The Problem GitOps Solves

Before GitOps, deploying to Kubernetes looked something like this:

The Pre-GitOps Way
kubectl apply -f deployment.yaml
kubectl set image deployment/my-app my-app=my-registry/my-app:v2.1.0
helm upgrade my-release ./chart --set image.tag=v2.1.0

These commands work. But they create invisible state. The cluster knows what's running. Git doesn't.

This leads to real problems:

  • Drift

    Someone ran kubectl edit to fix an incident at 2 AM. The change works, so it stays. Six months later, nobody knows why that config value is different from what's in Git. The cluster has drifted from what anyone intended.

    GitOps: the cluster continuously reconciles back to its declared state. Drift can't hide.

  • No Audit Trail

    Who deployed version 3.2.1? When? What changed between that and 3.2.0? With kubectl apply, that information lives in cluster events — which expire — or in someone's shell history.

    GitOps: every change is a Git commit. The full history is there, with author, timestamp, and diff.

  • Hard Rollbacks

    Something broke. You need to get back to the last working state. With manual deploys, "last working state" means finding the right image tag, running the right Helm command, hoping nothing else changed.

    GitOps: every release is an immutable, tested artifact. Roll back by pinning the last known-good version — nothing to reconstruct.

  • Inconsistent Environments

    Production got a hotfix that never made it back to staging. Staging has a config value that production doesn't. You're debugging a staging issue that can't reproduce in production, or vice versa.

    GitOps: each environment runs a specific, immutable artifact version, and you promote the same version forward. No environment carries a change the others can't see.

The GitOps Approach

GitOps has one core principle:

Git is the single source of truth for your cluster's desired state.

The cluster doesn't just get deployed to. You declare the desired state in Git; CI packages it into an immutable, versioned artifact; and the cluster continuously reconciles toward that artifact. If you want something different running, you change Git — which produces a new version. If someone changes the cluster directly, the reconciliation loop reverses it.

Here's what that looks like in practice. First, your change becomes a versioned artifact:

flowchart LR
    Merge["Merge PR<br/>to main"]
    Release["GitHub Release<br/>(tag v1.2.3)"]
    Registry["Artifact Registry<br/>(immutable versions)"]

    Merge --> Release
    Release -->|"triggers CI:<br/>builds and pushes artifact"| Registry

    style Merge fill:#2d3748,stroke:#cbd5e0,stroke-width:2px,color:#fff
    style Release fill:#4a5568,stroke:#cbd5e0,stroke-width:2px,color:#fff
    style Registry fill:#2f855a,stroke:#cbd5e0,stroke-width:2px,color:#fff

Then, inside the cluster, Flux reconciles toward that artifact — continuously:

flowchart LR
    Registry["Artifact Registry<br/>(immutable versions)"]
    Flux["Flux Controller<br/>(inside the cluster)"]
    Cluster["Kubernetes<br/>Cluster"]

    Registry -->|"Flux polls,<br/>detects new version"| Flux
    Flux -->|"reconciles<br/>continuously"| Cluster

    style Registry fill:#2f855a,stroke:#cbd5e0,stroke-width:2px,color:#fff
    style Flux fill:#4a5568,stroke:#cbd5e0,stroke-width:2px,color:#fff
    style Cluster fill:#1a202c,stroke:#cbd5e0,stroke-width:2px,color:#fff

Notice what's missing: there's no step where you run kubectl apply. The cluster pulls its own desired state — as a versioned artifact — and applies it continuously.

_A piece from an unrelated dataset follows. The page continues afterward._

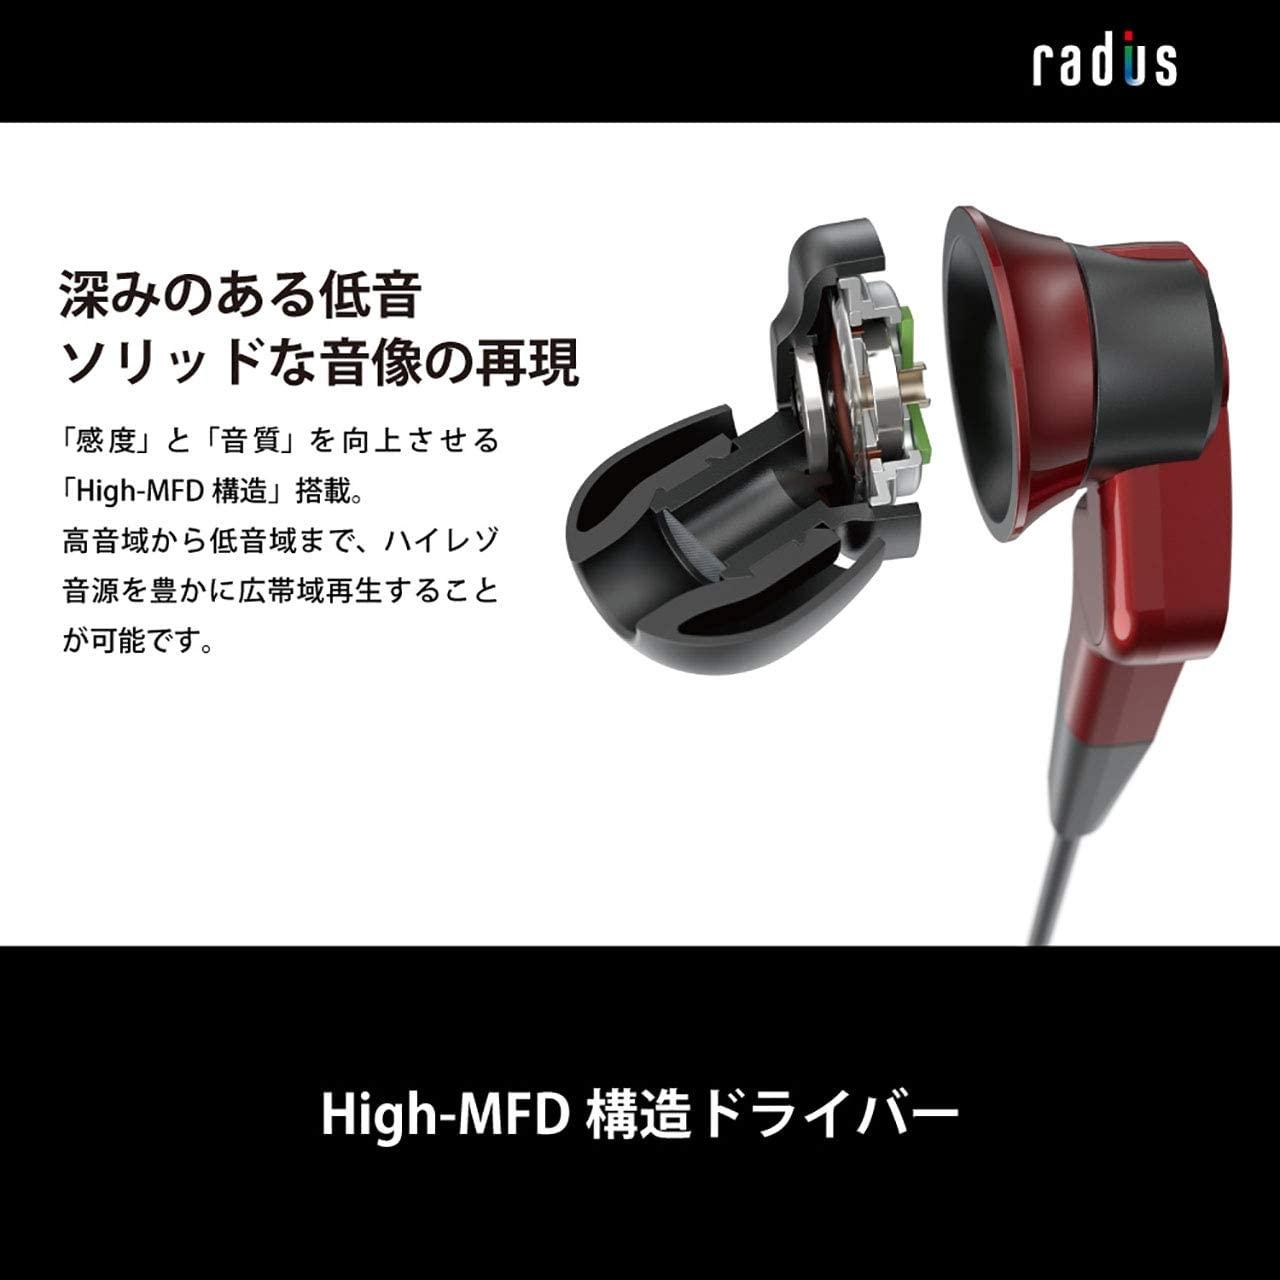 HP-NHR21 High-MFD搭載 重低音ハイレゾイヤホン 上位モデル

One nuance these diagrams simplify: dev and staging can reconcile to each new version automatically, but production is pinned to a specific, tested version and moved forward by a deliberate promotion — it doesn't chase every new build. Your Flux Workflow shows how that promotion happens.

The Four Principles of GitOps

GitOps isn't just a tool preference — it's a set of principles. The OpenGitOps working group defines four:

Your system's desired state is declared, not scripted. Instead of saying "run these five commands to deploy," you say "here is the YAML describing what should exist." Kubernetes is already declarative — GitOps extends this principle to the delivery pipeline itself.

What this means for you: Your Helm values files, Kubernetes manifests, and Kustomizations are the source of truth — not the commands used to apply them.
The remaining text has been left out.